Security forces arrested 1,385 people across France, with 985 held for questioning, Interior Minister Christophe Castaner said.
Some 118 protesters were injured, mostly in traffic accidents, Castaner said, compared to 220 last week. Only 17 members of security forces were injured, down from 284 last Saturday.
Gendarmerie police said they had checked more than 5,000 people on the roads around the capital in the morning, confiscating potential weapons and protective equipment.
From the early morning, police let hundreds of the protesters, clad in the fluorescent yellow safety bibs that have become the movement's symbol, filter onto the Champs-Elysees after careful searches.
Better preparations by authorities paid off in other ways too.
On the Grands Boulevards running through the north of the capital, roadworks barriers and metal street furniture had been taken away, leaving less material than last week for radical leftist protesters to build barricades with.
The French capital's Right Bank was unusually quiet for a Saturday, with few signs of the usual motor traffic or crowds of tourists.
Many shops and restaurants were boarded up, fearing a repeat of last week's vandalism.
The relative calm seemed to owe more to the revised police tactics than to the government's decision on Wednesday to cancel the petrol and diesel tax rises that had been due to take effect next year.
The number of protesters was only marginally down on last week.
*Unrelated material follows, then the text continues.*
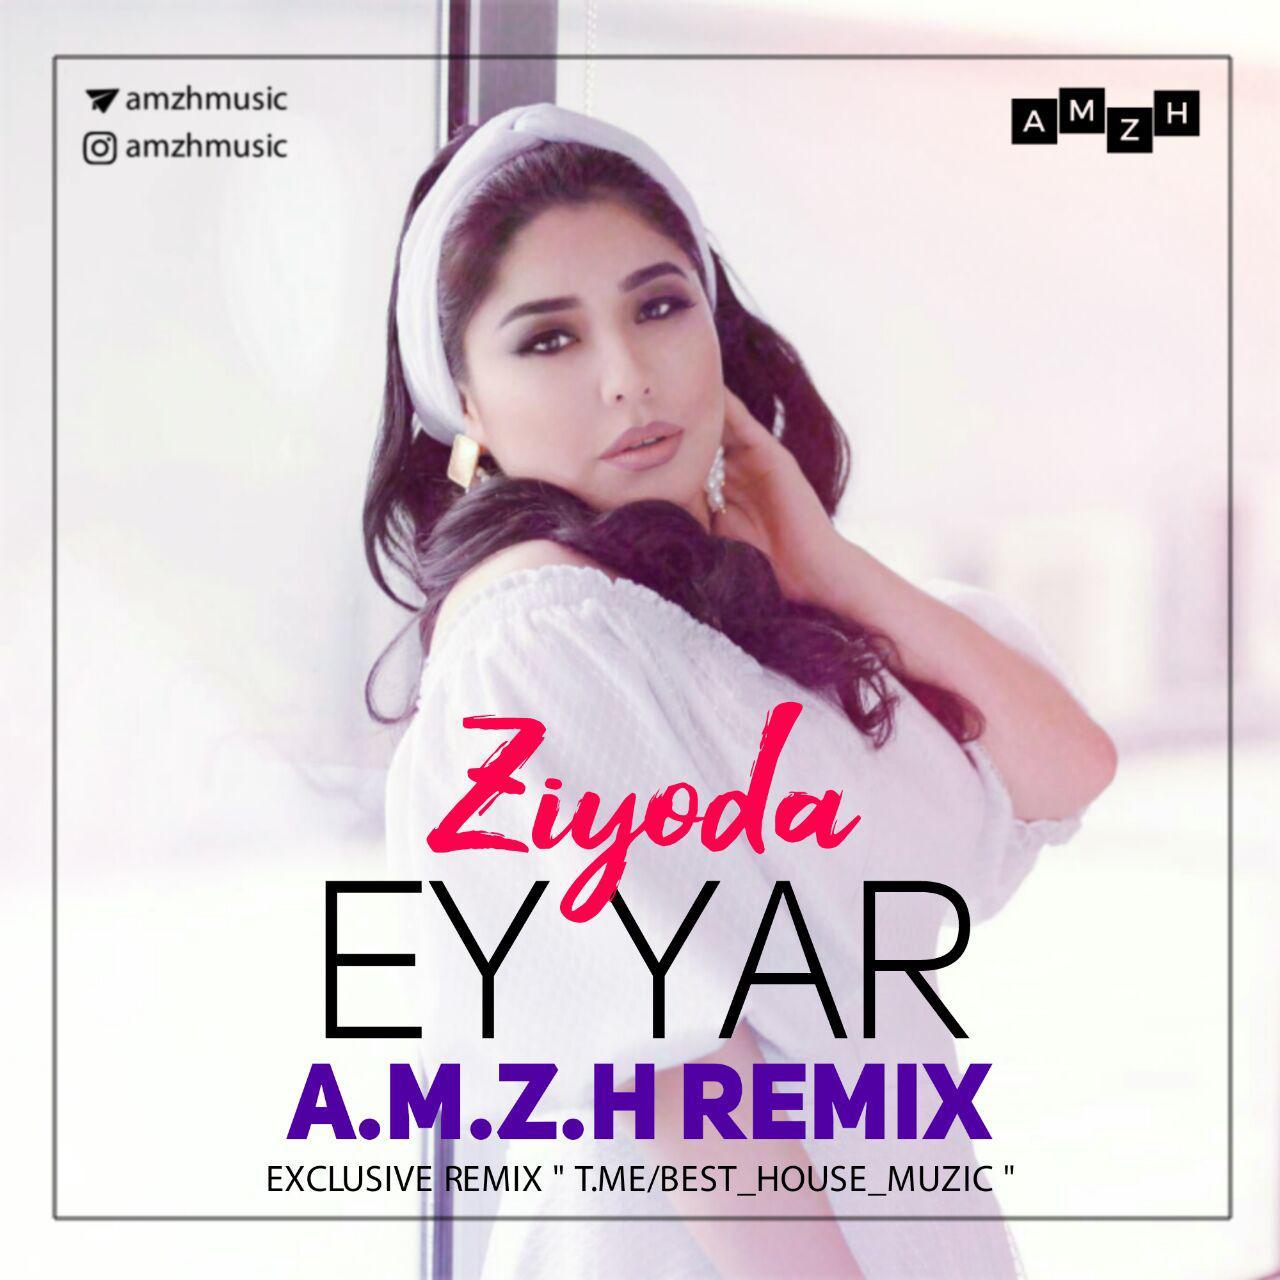 ریمیکس آهنگ معروف ای یار از خواننده خوش صدای ازبکی Ziyoda

In Paris, at 10,000 according to Castaner, it was up on last week's official estimate of 5,500.
Yellow Vest protesters in the capital seemed unimpressed by the government's concessions, as chants of "Macron, resign," rang out.
"You know, that's all just for show," one Yellow Vest protester, who was joining in on-off blockades of traffic on the Place de la Bastille, told dpa when asked about the government climbdown.
Jeremy, 36, a local government official from a region near Paris, said people felt that their tax money was "being robbed."
"When you see how those who govern us live!", he added. "We want some justice too, a fairer distribution of wealth."
With the far right and radical left both trying to ride the movement's bandwagon in France, foreign voices joined the fray too.
Steve Bannon, the former strategist of US President Donald Trump, said at an event on Saturday in Brussels that the Yellow Vests in France are the "exact same type of people" that voted for Trump and for Brexit.
Left-wing Canadian author and anti-globalization icon Naomi Klein meanwhile wrote on Twitter that the protests showed the need for a new approach to climate policy. "Neo-liberal" pro-business climate action was seen as "a class war, because it is," Klein tweeted.
The protests have spilled over from France into Belgium and the Netherlands.
On Saturday, hundreds of people took to the streets in the Netherlands demanding that Dutch Prime Minister Mark Rutte step down and their country exit the EU, among other things.
In Brussels, about 400 people were arrested at the protests, with 1,000 people taking part according to police.